If you read the abstract, you will be pleased to note “there were no deaths” !

This also lead me to a link in Nature Drug Discovery, this graph interested me, it is the number of people with mild, moderate and severe psoriasis and the treatments they receive.

You can download the pdf here:

Psoriasis market

This is a summary table I’ve drawn up using the information in the article

How does it work? Marketing Name Scientific Name Company that makes the drug Get it by…
Inhibits TNF alpha Humira adalimumab Abbott
Enbrel etanercept Amgen/Wyeth/Takeda
Remicade infliximab Centocor Ortho Biotech/Schering-Plough IV infusion
Simponi golimumab Centecor Ortho Biotech
Target T cells Raptiva (Xanelim) efalizumab Genentech/Roche/Merck-Serono
Amevive alefacept Astellas/Biogen
IL-12/ IL23 Inhibitor Stelera ustekinumab Centecor Ortho Biotech
PDE4 and other interleukins apremilast Celgene Tablet


There are certainly lots of new drugs out there. But and it’s a big but, they all target general pathways that your cells use to signal (communicate) with each other and long term, no one knows what these drugs are going to do to you.

TNF was discovered because it could kill tumour cells, therefore, it’s possible that if you inhibit TNF you increase your risk of cancer.  So far, after 6 years of follow up, people taking TNF inhibitors are NOT at an increased risk of cancer.

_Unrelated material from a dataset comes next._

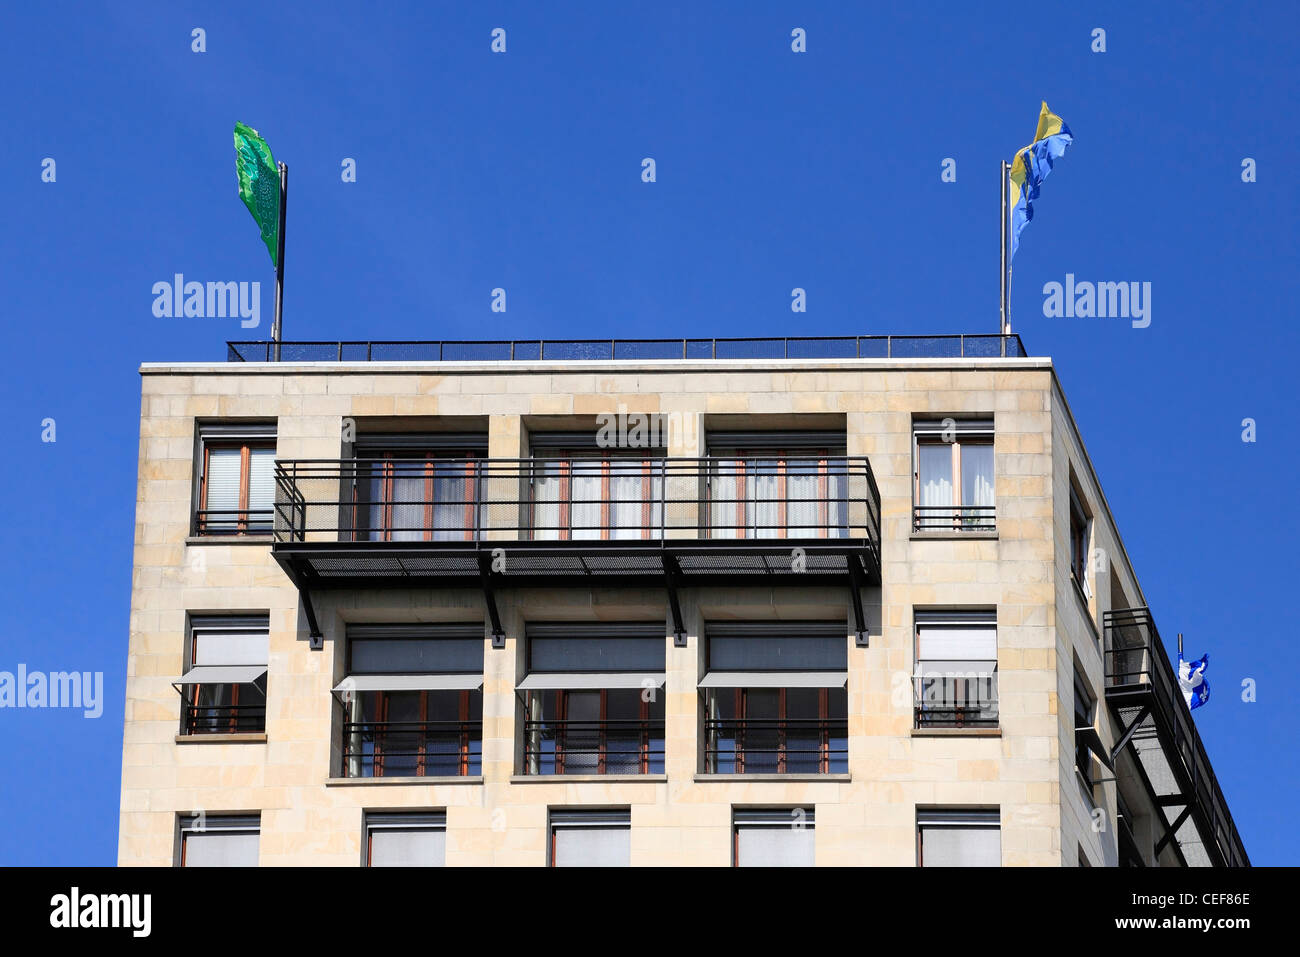 'Palais' at Pariser Platz (Paris Square), Berlin, Germany. Modern office- and residential building, detail. Stock Photo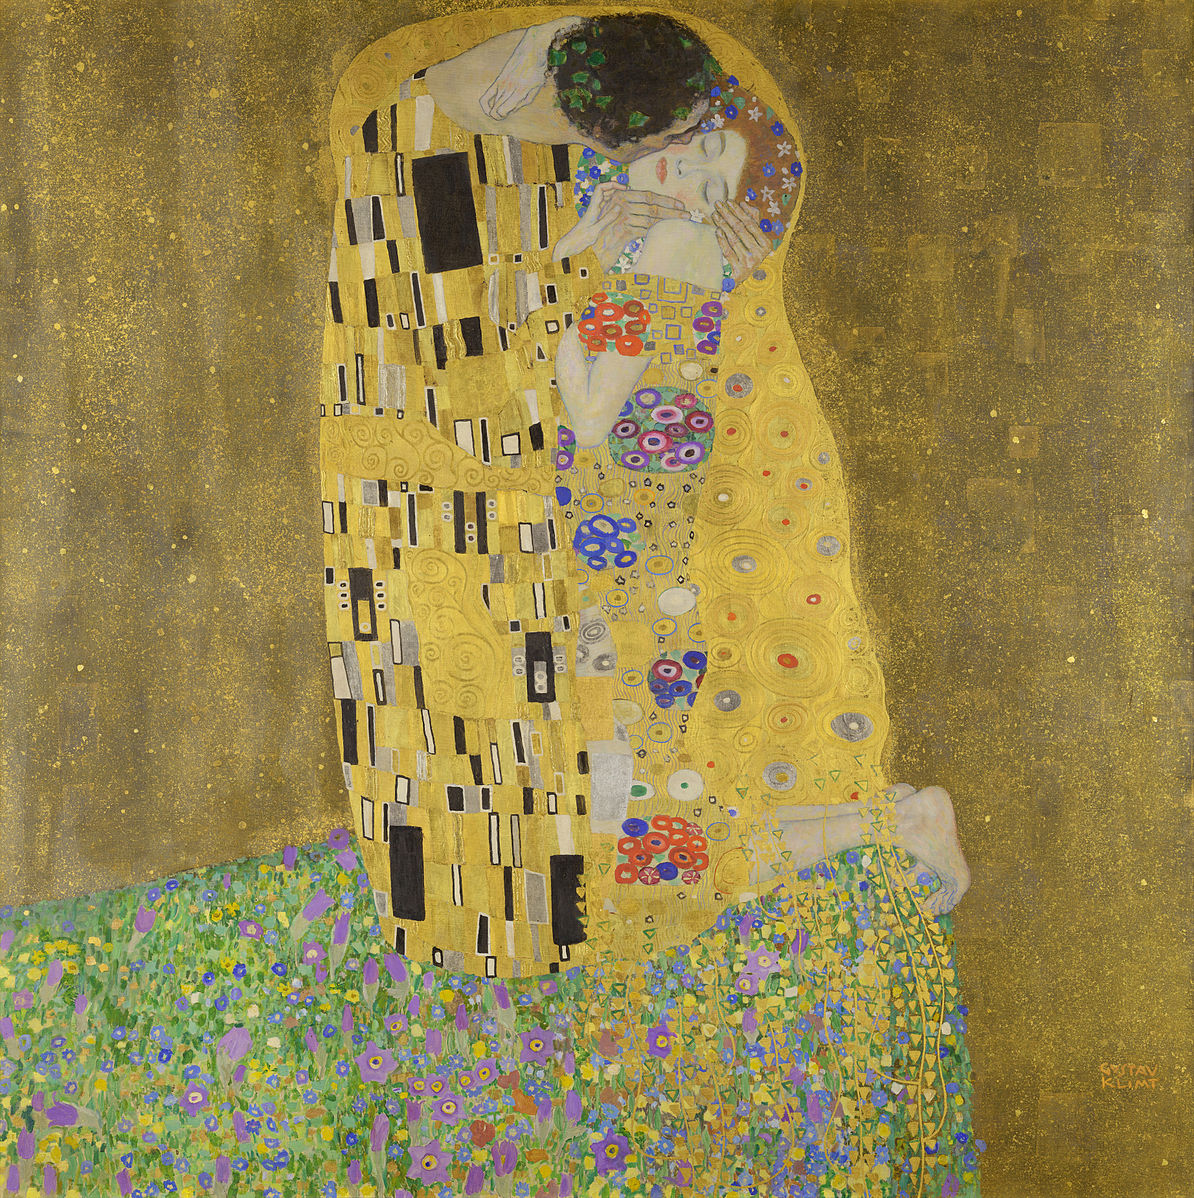 A man and woman embraced in a kiss against a gold background

However, cancer takes YEARS to develop and until we have data looking at 20-30 years we’re not going to know if these drugs do increase your cancer risk.  For example, being obese increases your risk of cancer.  About 40 % of cancers could be prevented if people maintained a healthy lifestyle. If you are obese in your 20’s and 30’s you are not going to get cancer (due to obesity). If however you are in your 60’s or 70’s you ARE more likely to develop epithelial cancer because you are obese.  I think the same will be true for the TNF inhibitors.  They won’t give you cancer straight away, but over a lifetime they probably will increase your risk.  Whether the risk of developing cancer is worth being able to live your life in minimal pain and with much greater mobility for 20 years is a decision people who need the TNF inhibitors have to make.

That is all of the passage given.